JURISPRUDENCIA

    Beneficio de litigar sin gastos. Procedencia. Apelación. Deserción

     

    Se confirma la sentencia que concedió el beneficio de litigar sin gastos, al no cuestionar la recurrente la valoración de las pruebas obrantes en la causa respecto de la situación socioeconómica del peticionante para afrontar los gastos del juicio.

     

     

    Buenos Aires, de febrero de 2015.

    Y VISTOS; Y CONSIDERANDO:

    I.- Contra la resolución de fs. 74/75 vta., por medio de la cual el Sr. Juez de grado concedió el beneficio de litigar sin gastos solicitado, alza sus quejas el apelante. Los fundamentos obran a fs. 81/83, cuyo traslado no fue contestado.

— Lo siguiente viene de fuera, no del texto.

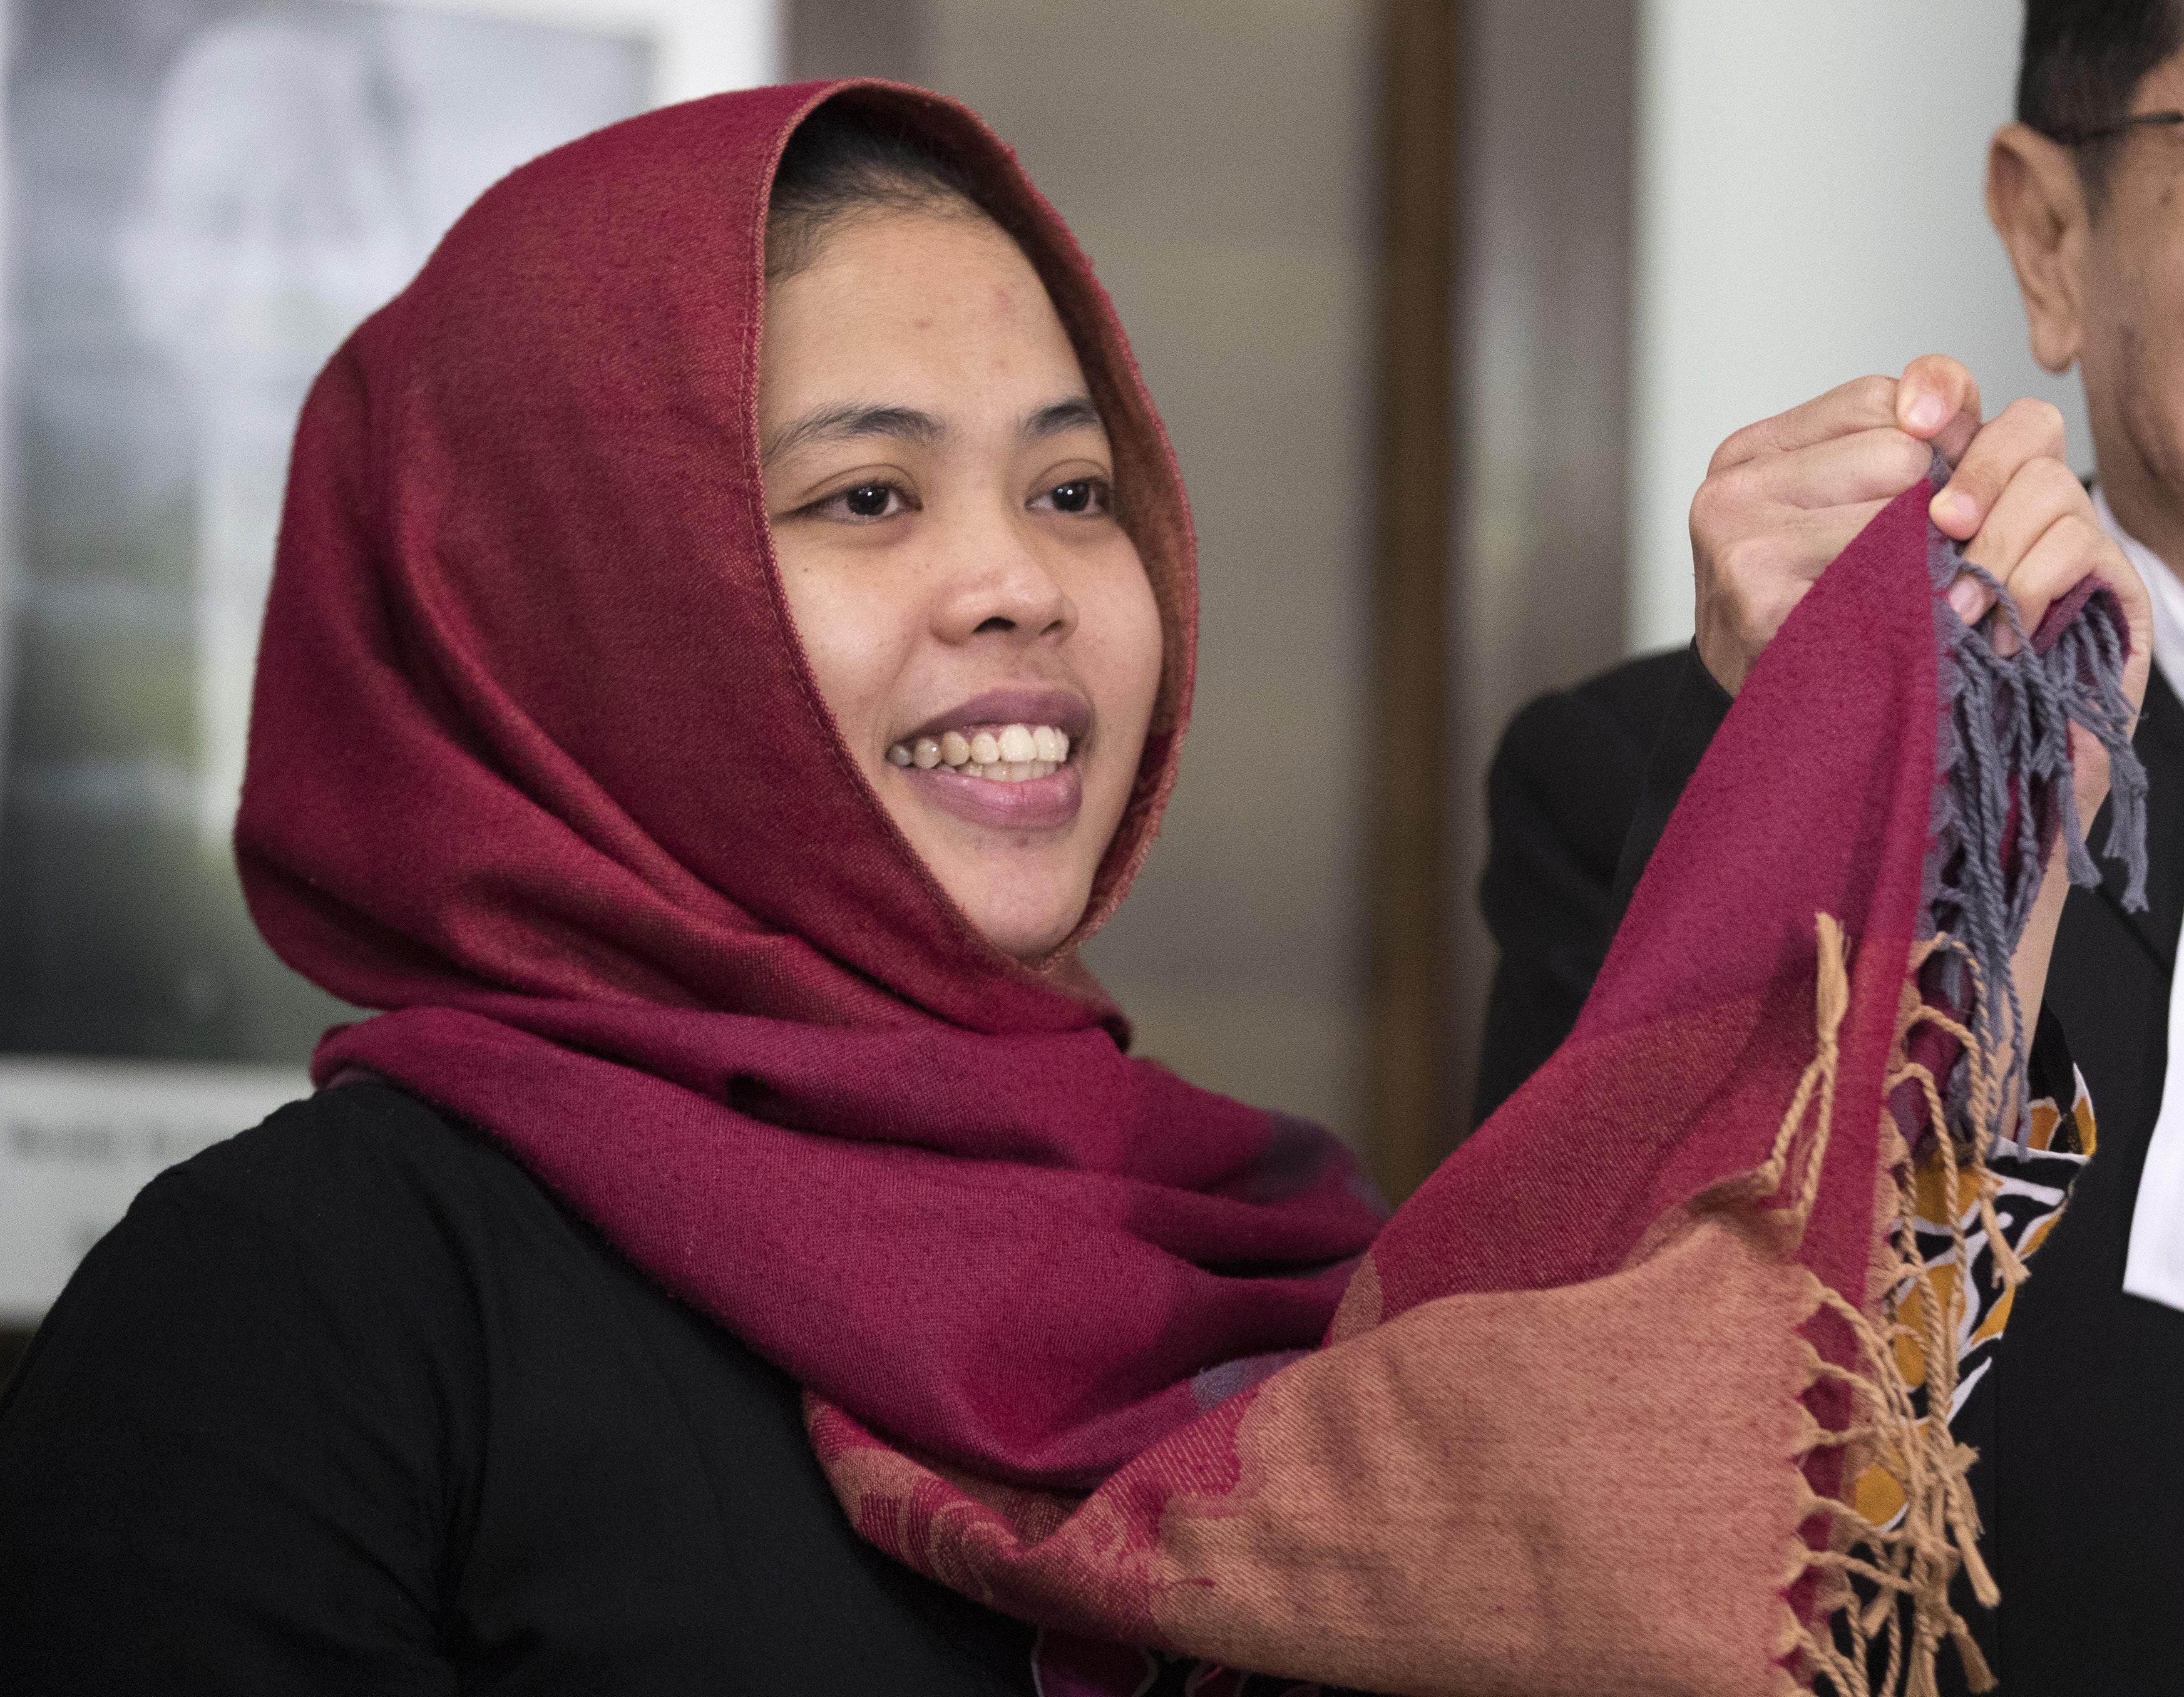 La indonesia Siti Aisyah (izquierda) sonríe junto a su abogado Gooi Soon Seng tras una conferencia de prensa en la embajada de Indonesia en Kuala Lumpur, Malasia, el 11 de marzo de 2019. (AP Foto/Vincent Thian)

    II.- Sabido es que la expresión de agravios -o memorial en los recursos concedidos en relación (conf. art. 246, párrafo 1º, Código Procesal)- es el acto procesal mediante el cual la parte recurrente fundamenta la apelación, refutando total o parcialmente las conclusiones establecidas en la sentencia, respecto a la apreciación de los hechos y valoración de las pruebas, o a la aplicación de las normas jurídicas (conf. Palacio, “Derecho Procesal Civil”, Tº. V, pág. 266, nº 599). Constituye un acto de impugnación, destinado específicamente a criticar la sentencia recurrida, con el fin de obtener su revocación o modificación parcial por el tribunal de apelación (conf. Fenochietto-Arazi, “Código Procesal Comentado”, T.I, pág. 939), en el que el apelante debe examinar los fundamentos de la sentencia y concretar los errores que a su juicio ella contiene, de los cuales derivan los agravios que reclama (Conf. Alsina, Derecho Procesal, Tº IV, pág. 389). En tal sentido, el artículo 265 del Código Procesal impone al apelante el deber de efectuar una crítica concreta y razonada de las partes del fallo recurrido que serían a su criterio equivocadas, a cuyo fin es necesario que las razones por las cuales se pretende obtener la revisión de la providencia apelada se expresen al fundar el recurso, indicando detalladamente los errores, omisiones y demás deficiencias que el recurrente pudiera reprochar al pronunciamiento recurrido, y la refutación de las conclusiones de hecho y de derecho en que fundó el juez su decisión (conf. CNCiv., Sala “E”, ED 117-575; CNCiv., Sala “B”, R. 336.751 del 29/11/01; R. 339.296 del 12/2/02, entre muchos otros).

    Se ha puesto de relieve que si el memorial no reúne mínimamente la crítica concreta y razonada que es menester para que no se produzca la deserción, sin alcanzar la suficiencia técnica que es requerida, tal presentación resulta inoficiosa por no satisfacer las exigencias contempladas por el ordenamiento procesal. Es que si faltan, como en este caso, las argumentaciones claras y concretas acerca de los errores que a su juicio contiene la decisión apelada, carece el tribunal de alzada de la materia indispensable para confrontar los argumentos del a quo con lo que, de contrario, aduce la parte que se considera afectada y ello precisamente, constituye la función propia del segundo grado jurisdiccional. La apuntada carga procesal supone la demostración del agravio, no correspondiendo al juzgador suplir en esa tarea al justiciable por ser un imperativo de propio interés del peticionario en un asunto que es de su exclusiva incumbencia (cf. Morello, “Códigos Procesales...” Tÿ II, p.353, año 1988 y sus citas jurisprudenciales).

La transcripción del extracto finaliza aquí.